Себастьян вдруг опечалился. Но уже звал его за собой на поднебесные тропы серьезный голос ксендза:
— С этого дня каждый из нас отвечает за другого. Мы приняли взаимную клятву, мы вошли в святую обитель, которую нельзя безнаказанно осквернять верующим. Если кто-то из нас нарушит обет, другой ответит за него очищающей жертвой.
— Но верно ли мне кажется, что ответственность исчезнет, если мы перестанем верить?
— То правда — даже если подобное случится хотя бы с одним из нас. Но и это должно быть искренним. Понимаешь меня? Полное неверие!
— Да... но на это мы по сути своей не способны...
— Поэтому мы должны быть начеку! Мы служим вечной гармонии духов. Горе нам обоим, если кто-то из нас осмелится ее нарушить!..
Глубоко задумавшись, они расстались.
С тех пор прошло несколько лет. Обет, похоже, сплотил обоих еще сильнее. Но вскоре должны были произойти перемены.
Павел по отношению к другим всегда оказывался понимающим и мягким, к приятелю же был требовательным и часто даже суровым с самого начала их тайной связи Себастьян, с самого детства воспитывавшийся под его всесильным влиянием, сторонился соблазнов внешнего мира. Казалось, что он не сразу почувствовал неловкую опеку; в нем еще не пробудились неизбежные душевные порывы. Преследовавшую его иногда временную меланхолию приятель умел направлять в нужное русло, разжигая в нем неземной экстаз и любовь.
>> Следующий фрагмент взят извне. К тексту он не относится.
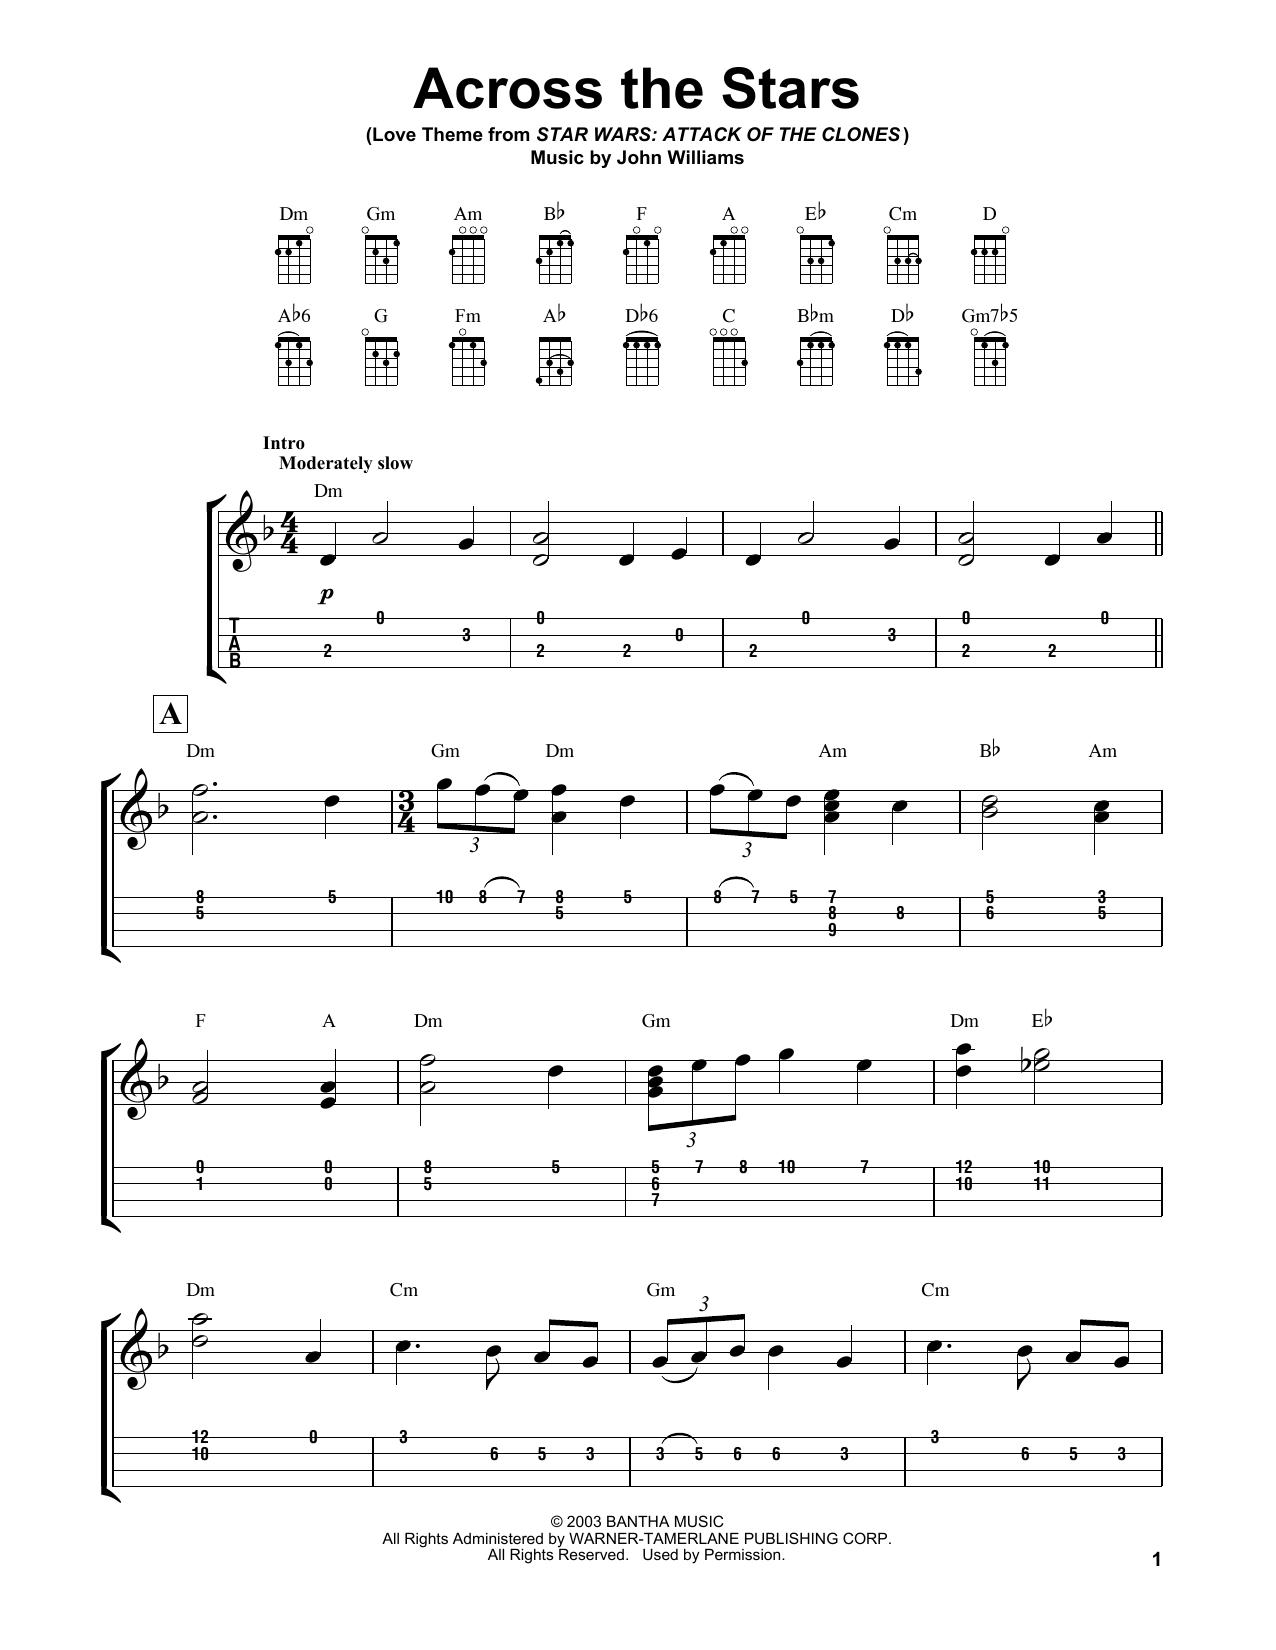 Across The Stars by John Williams - Ukulele - Guitar

Однако спавшие до поры до времени силы наконец проявили себя в тихих, почти незаметных, но настойчивых в своих действиях движениях души.
Однажды скульптор почувствовал себя чрезвычайно одиноким. Пришла мысль, что до сих пор он не наслаждался жизнью и до принятия присяги мог в любой момент получить свою долю счастья, сорвать цветок любви — ибо был красив и молод. Однако после того, что произошло под стопами Михаила, подобный путь для него был теперь закрыт. Неприступные стены заключили его в храме, искрящемся морозной свежестью кристаллов среди каскадов льдисто-холодных радуг. Его охватил мучительный хлад мрамора, белизна алебастров болезненно слепила очи. На отчаянный крик сердца он неизменно получал в ответ глухое эхо огромных пустых покоев. А там, за витражами оконных ниш, сиял праздник жизни, проходили мимо солнечные золотые дни. А там, за драпировками окон щедро изливали благоухание лона роз, соревновались в напрасном томлении по отважной руке обильные лаской девы.
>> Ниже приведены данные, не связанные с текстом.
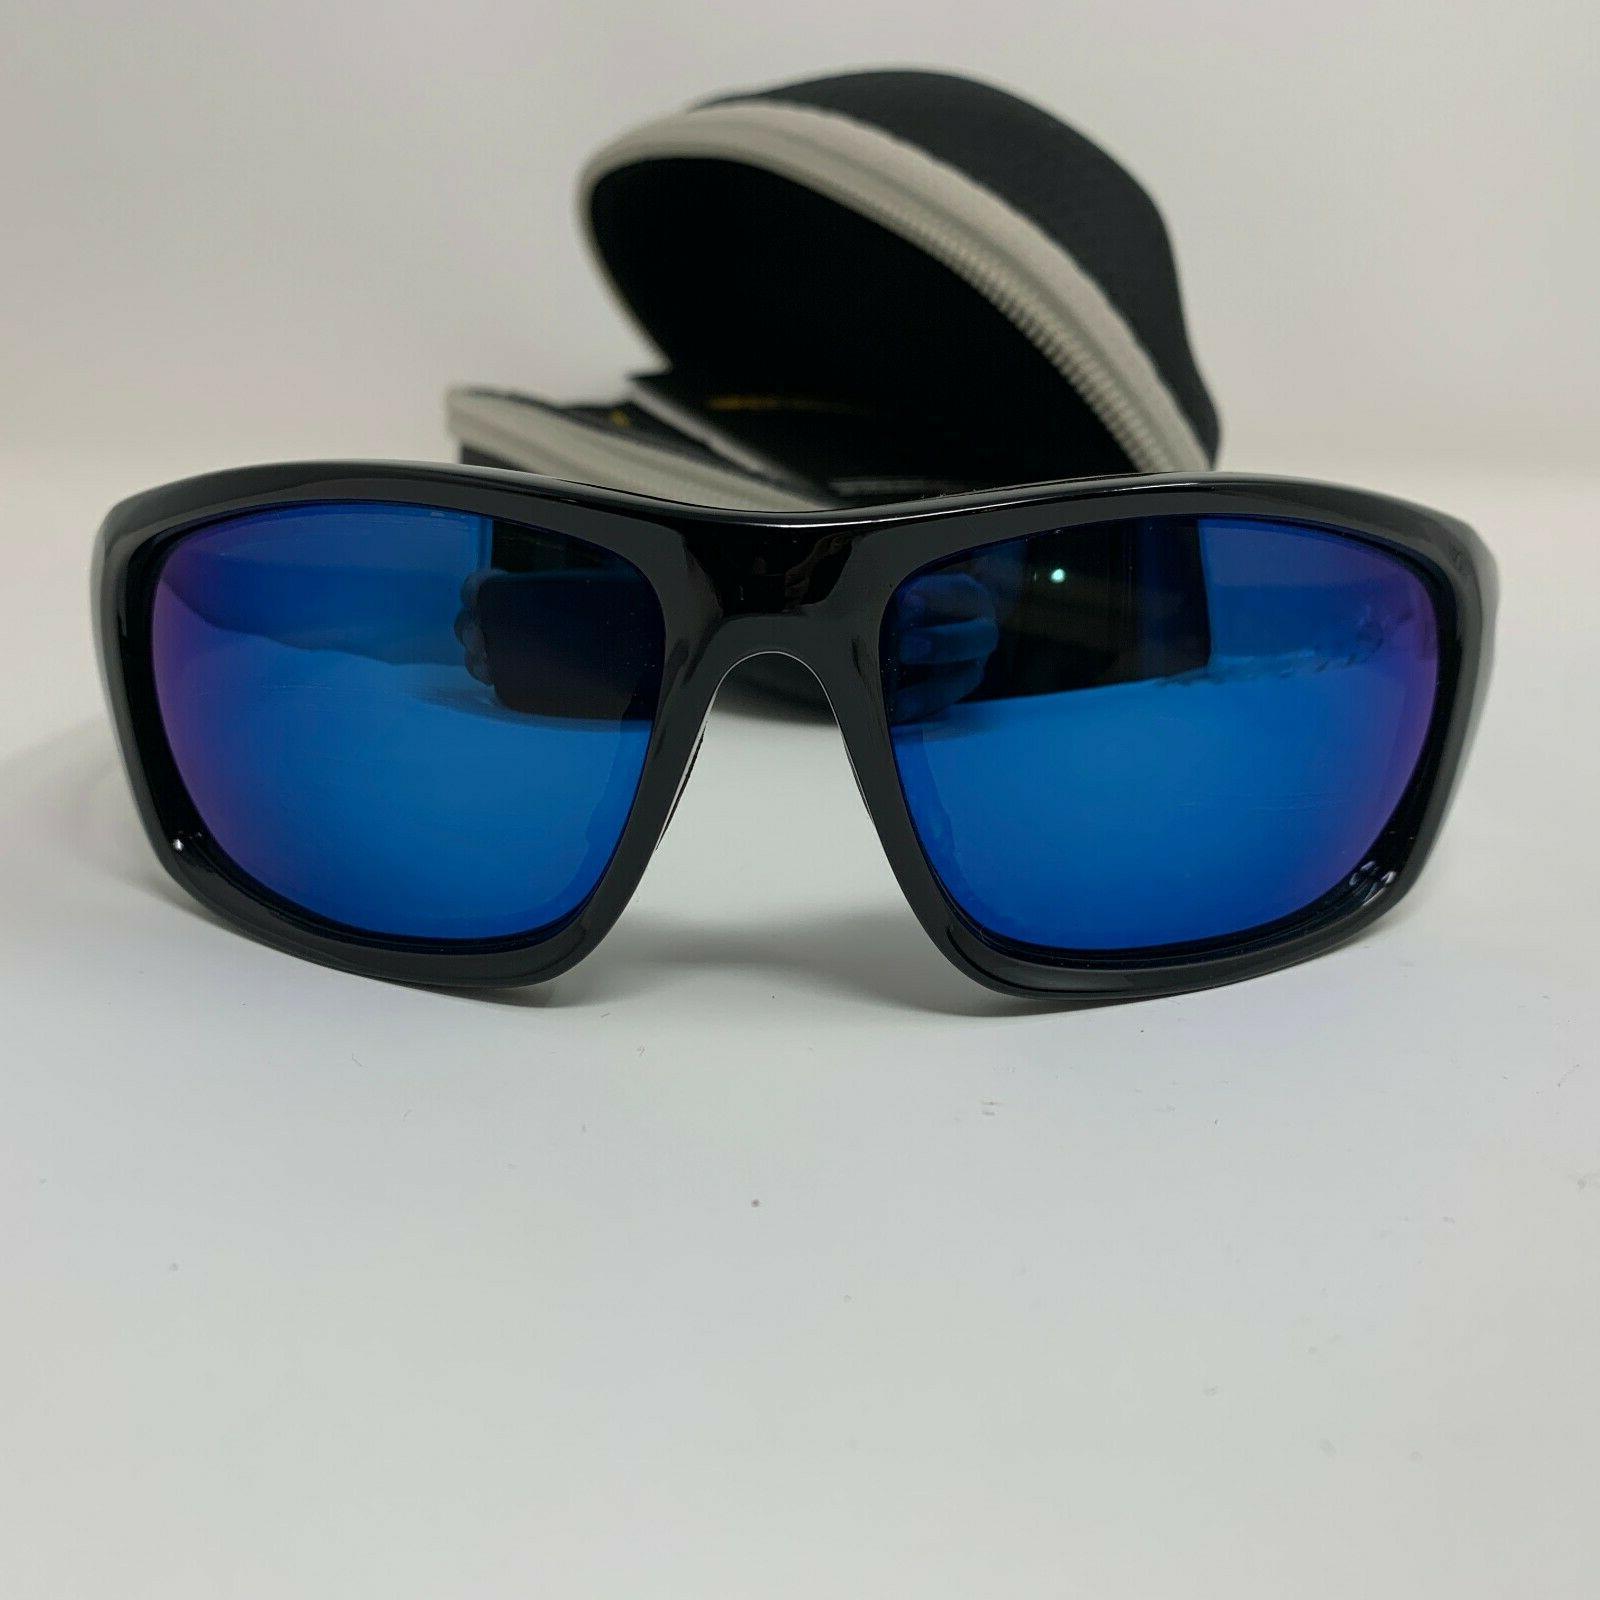 polarized sunglasses black tr011 60 17 131

И, как птица, попавшая в ловушку, забился о стекло, заколотился о решетку, но через минуту борьбы опустился на дно клетки. Вера не позволяла расправить крылья.
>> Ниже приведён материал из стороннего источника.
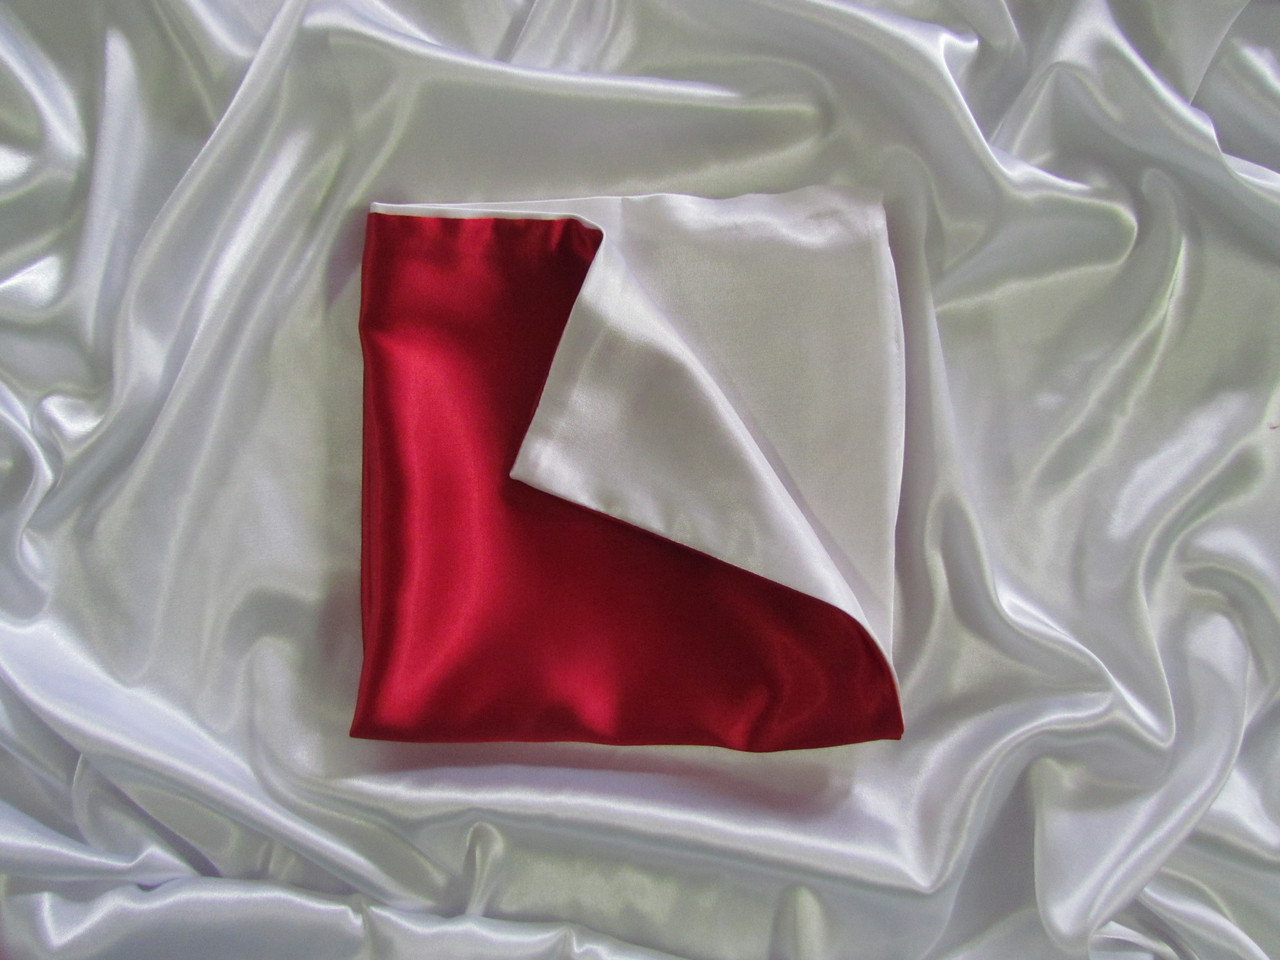 Наволочка двухцветная (бело-красная) для сублимации, 30х30 см, атлас

В этом душевном разладе он познал Марту и понял, что является мужчиной.
Она была танцовщицей из бродячей труппы цирковых актеров. Когда смуглое тело креолки начинало виться в буйных вихрях сарабанды, а кошенилевый платок опоясывал голову алой лентой, толпы собравшихся вокруг людей немели и, затаив дыхание, следили за каждым движением гибкого танца. Она была подобна туе, оплетенной краснеющим виноградом осени...
Пришла к нему в вечерний час с лучами заката, пришла на порог одинокого дома, тайно, ненадолго, одна:
- Прислал меня твой великий Архангел...
Павла в городе не было: уехал на довольно продолжительное время. Когда вернулся, уже все случилось. Мог ли он сопротивляться?
Было грустное, больное счастье — бледная радость солнца на скорбных залежах туч надвигающейся грозы.
Себастьян не переставал верить в святость клятвы. Слова Павла черными тревожными линиями прорезали светлый узор любви...
Влюбленные решили сегодняшней ночью покинуть город и отправиться на юг, к рощам кипарисов и померанцевым садам. Тем временем этот последний вечер он посвятил Павлу.
Неужели ксендз догадывался, предчувствовал?
Неизвестно. Вот он опустил лицо на ладонь и молвил:
— Этой ночью мне приснился странный сон. Приснились мне два близнеца, по какому-то несчастному случаю сросшиеся грудями. Через некоторое время выяснилось, что один из них заражен отвратительными пустулами, которые начали уничтожать его тело самым жестоким образом. Чтобы спасти второе дитя, их нужно было разделить. Врачи сочли это невозможным. Было установлено, что они имели общее сердце, и хотя оно полностью располагалось в груди здорового, но жила, связывающая его с больным, в случае отсоединения должна была перестать выполнять свою функцию и убить другого. Таким образом, оба были обречены на гибель. Вдумайся... всего одна крошечная жила! Роковая!
Себастьян внимательно изучал лицо друга:
— Что же дальше?
— Дальше? Что же ты хочешь? Результат ясен. Я с ужа сом наблюдал за кошмарной медленной гибелью одного из них, того, кто передал свою судьбу здоровому. Очнулся я как раз в тот момент, когда болезнь подбиралась к сердцу...
— В самом деле, — пробормотал звонарь, — в самом деле... — и добавил тише: — Удивительное сходство...
Уже совсем стемнело. Павел встал и протянул руку на прощание. Обнялись: один как бы с немым упреком, другой перед долгим, может быть, окончательным расставанием.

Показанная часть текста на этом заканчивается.